Dataset extract:
####################

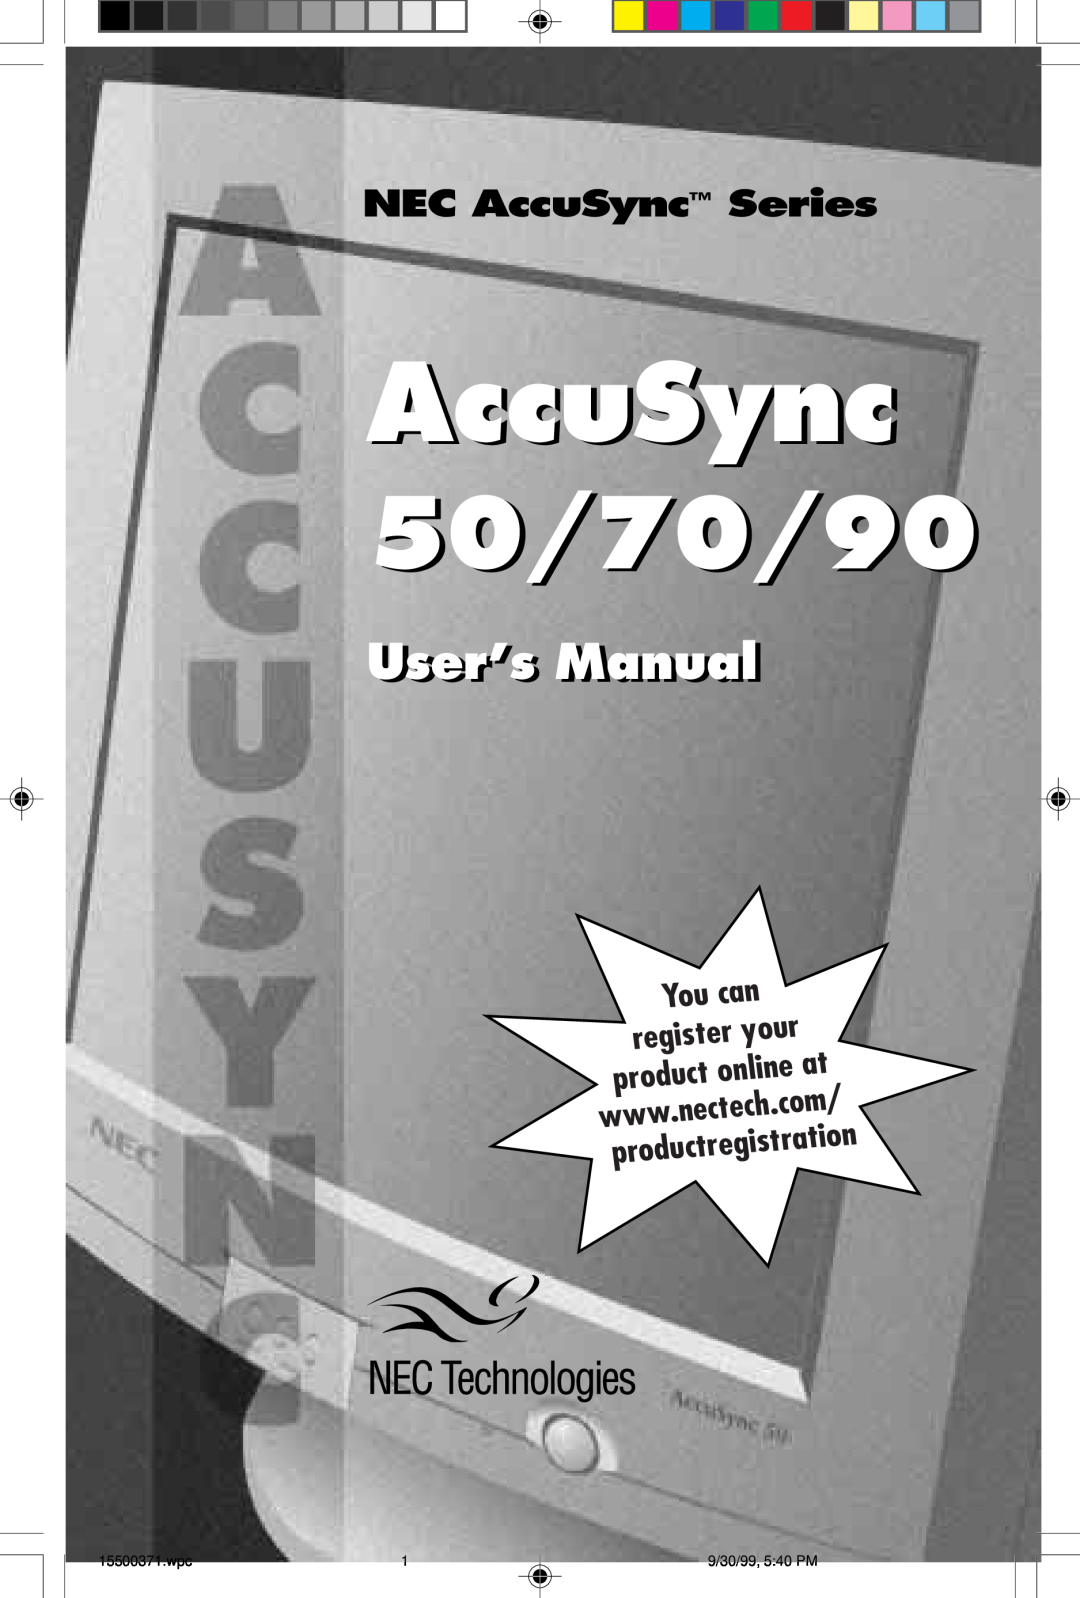 NEC N9501, N9701 user manual 50/70/90, User’s Manuall, NEC AccuSync Series, You can, your, online, nectech, product 
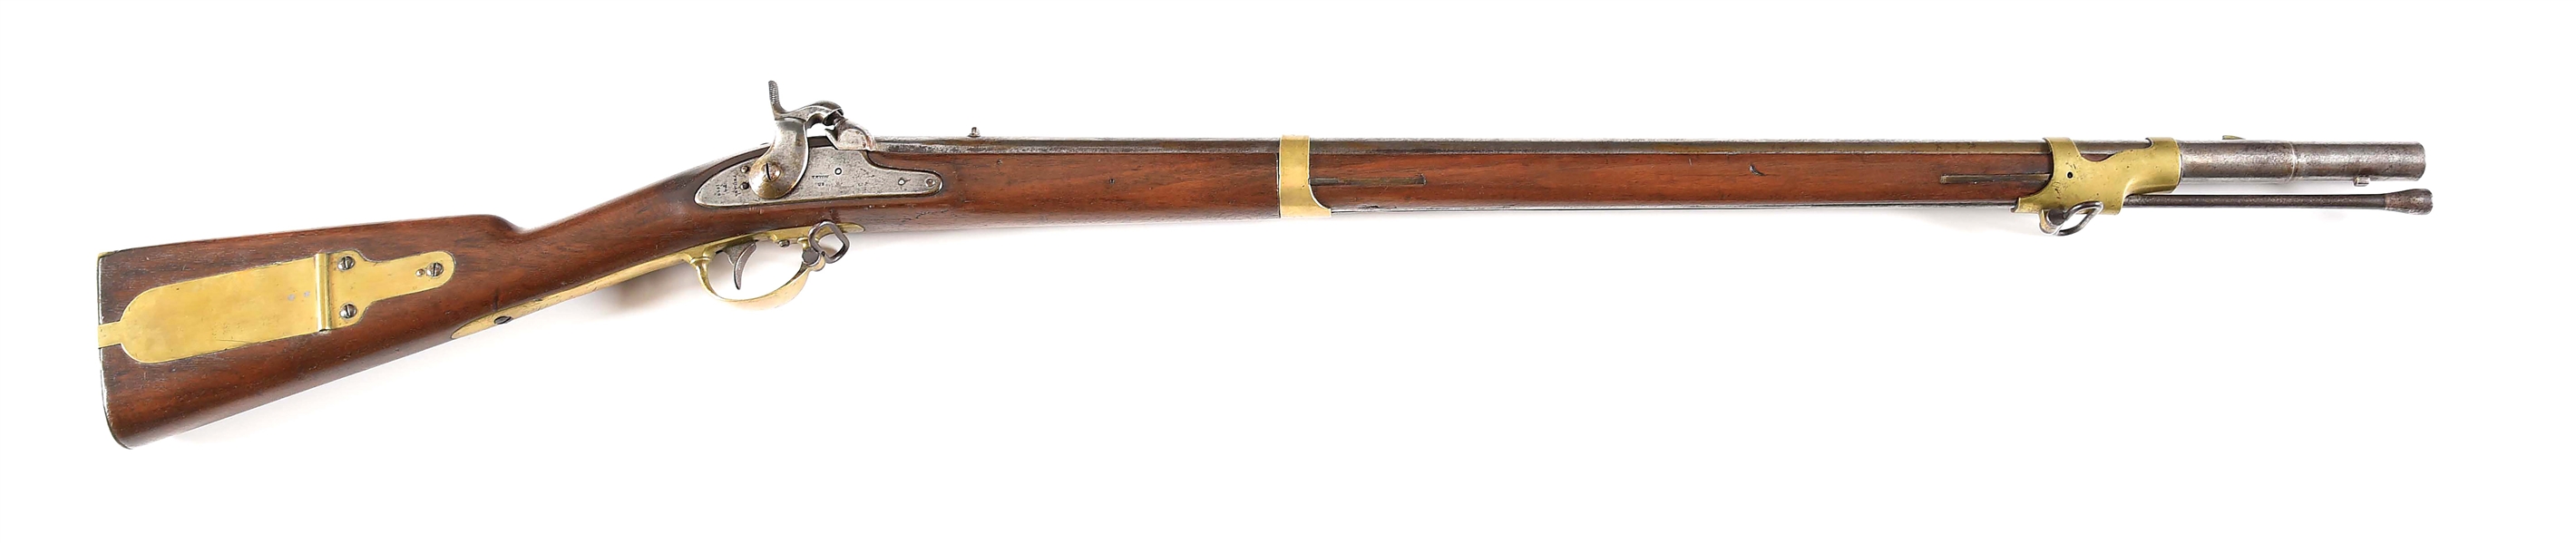 (A) LEMAN ALTERATION TRYON US M1841 MISSISSIPPI RIFLE.
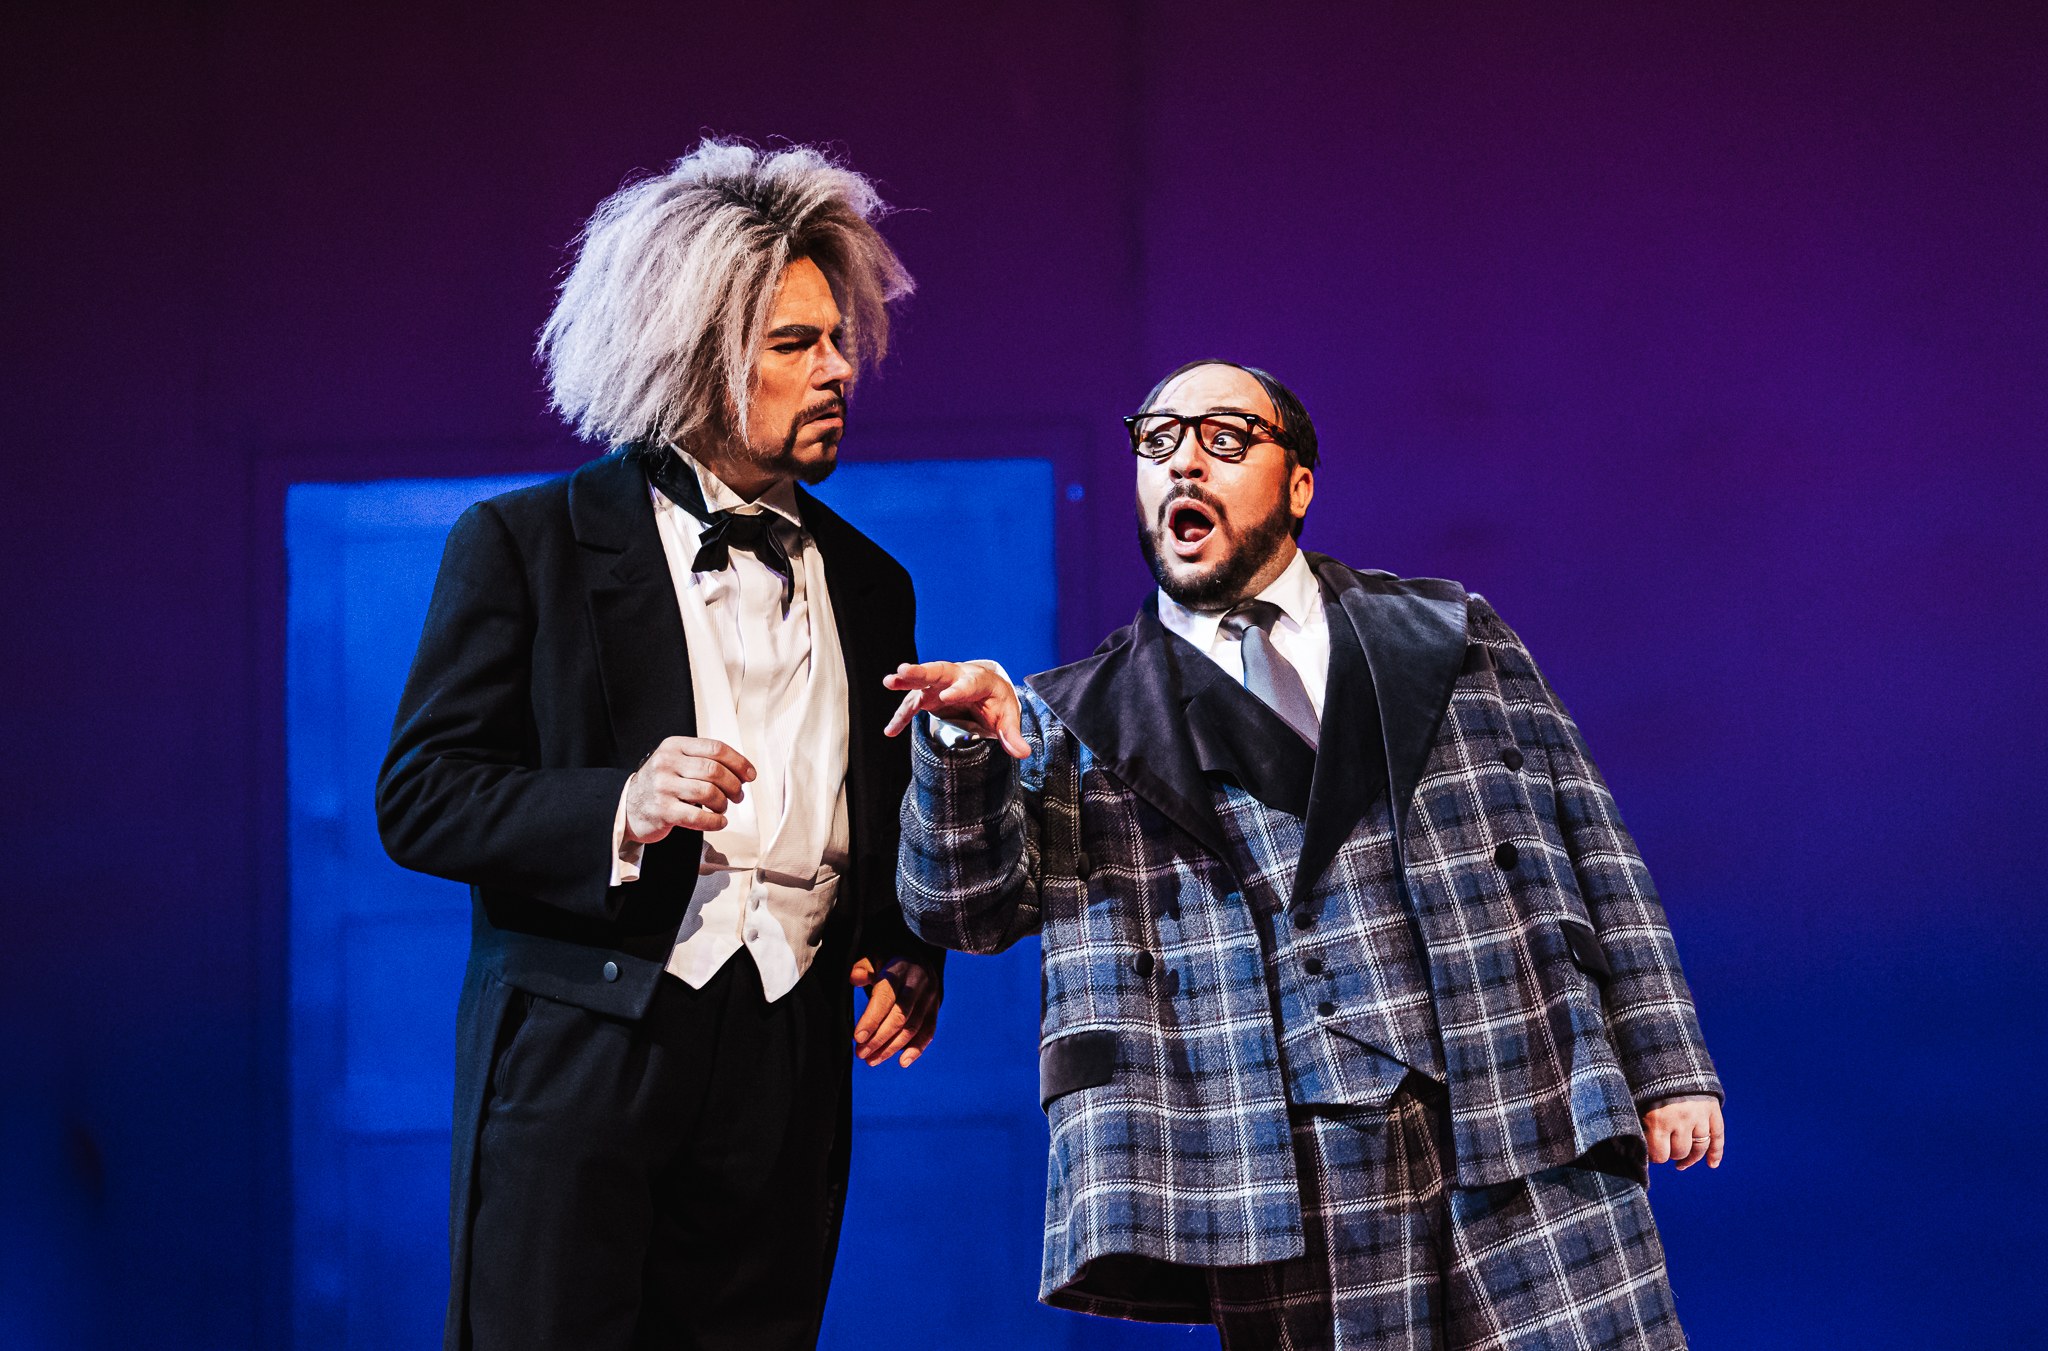 THE BARBER OF SEVILLE 2023, PETRI LINDROOS & MARCO FILIPPO ROMANO

####################

Every line of the data above should be quoted exactly. Omit the pictures.

Completed exercise:
 NEC N9501, N9701 user manual 50/70/90, User’s Manuall, NEC AccuSync Series, You can, your, online, nectech, product 
 (A) LEMAN ALTERATION TRYON US M1841 MISSISSIPPI RIFLE.
 THE BARBER OF SEVILLE 2023, PETRI LINDROOS & MARCO FILIPPO ROMANO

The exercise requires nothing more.